You can provide explicit object names even if the referenced object belongs to the same database and schema.

Using the DataOps vault

SOLE retrieves the Snowflake credentials stored in the DataOps Vault. Without these credentials, the SOLE orchestrator cannot access Snowflake to perform the required actions.

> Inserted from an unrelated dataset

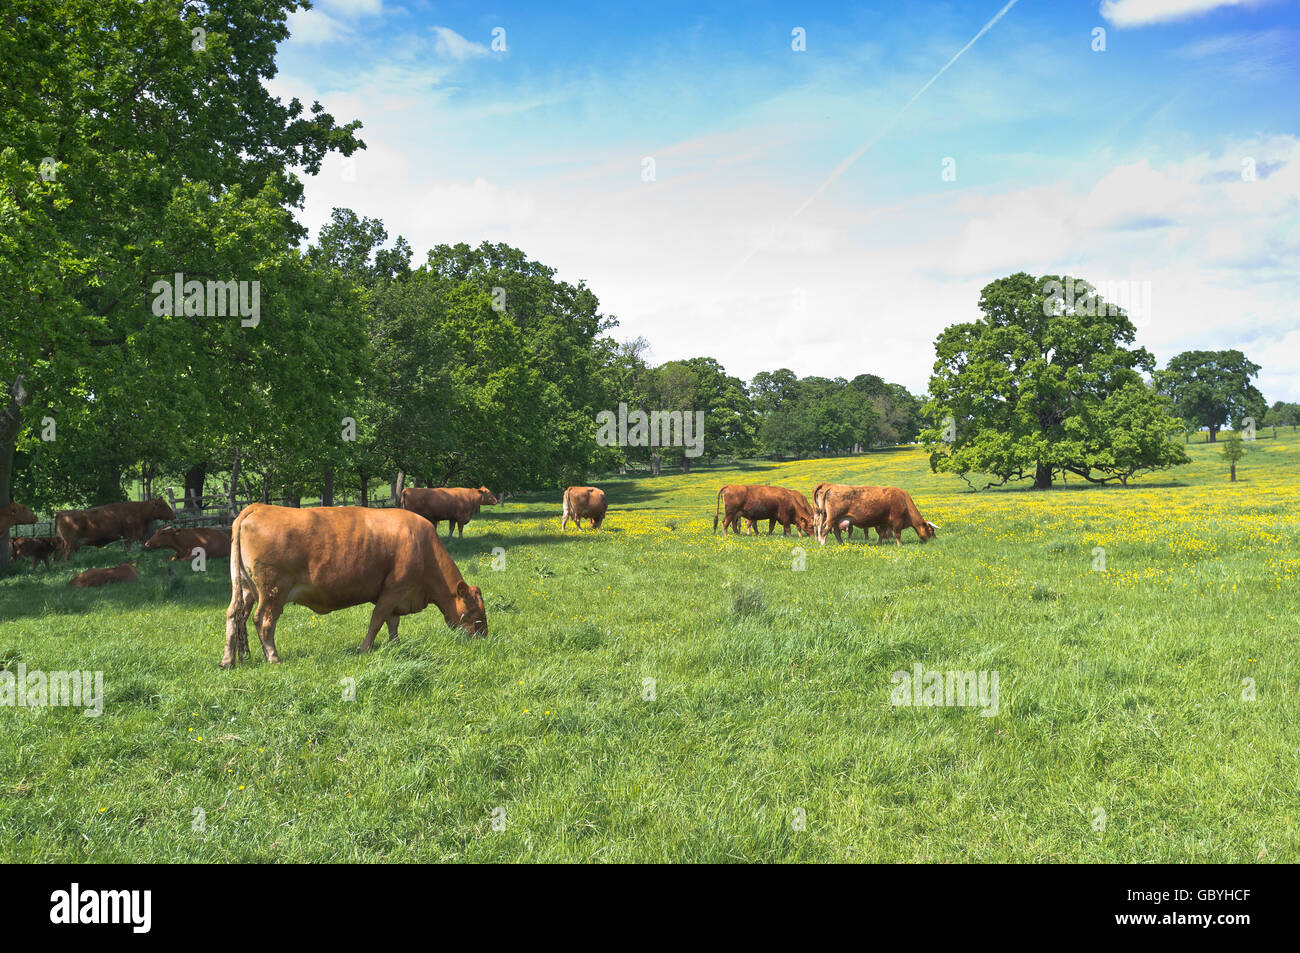 dh Beef cattle grazing COTSWOLDS GLOUCESTERSHIRE Cows in buttercup field a fields uk grass england herd landscape Stock Photo

By default, the credentials are stored in the following format (map) within the vault:

SNOWFLAKE:
SOLE:
ACCOUNT: <account> # Value set in variable DATAOPS_SOLE_ACCOUNT
USERNAME: <username> # Value set in variable DATAOPS_SOLE_USERNAME
PASSWORD: <password> # Value set in variable DATAOPS_SOLE_PASSWORD
ROLE: <role> # Value set in variable DATAOPS_SOLE_ROLE

These values in these credentials can be overridden if they are present in a different vault path or the DataOps pipeline's default location. In other words, if the DATAOPS_VAULT() function is not used, these credentials are always stored in the default location.

For example:

The value of ACCOUNT is stored in the vault key SNOWFLAKE.PRODUCTION.ACCOUNT, and ROLE is stored in SNOWFLAKE.INGESTION.ROLE. In this scenario, the variable DATAOPS_SOLE_ACCOUNT can be set to DATAOPS_VAULT(SNOWFLAKE.PRODUCTION.ACCOUNT) and DATAOPS_SOLE_ROLE to DATAOPS_VAULT(SNOWFLAKE.INGESTION.ROLE) in the variables section of the job file or the variables.yml file. When the pipeline runs, the Secrets Manager Orchestrator extracts the Snowflake credentials and writes them to the job file or the config.yml file.

pipelines/includes/config/variables.yml
variables:
DATAOPS_SOLE_ACCOUNT: DATAOPS_VAULT(SNOWFLAKE.PRODUCTION.ACCOUNT)
DATAOPS_SOLE_ROLE: DATAOPS_VAULT(SNOWFLAKE.INGESTION.ROLE)
note

To learn how to configure key-pair authentication in with vault, refer to the key-pair vault configuration documentation.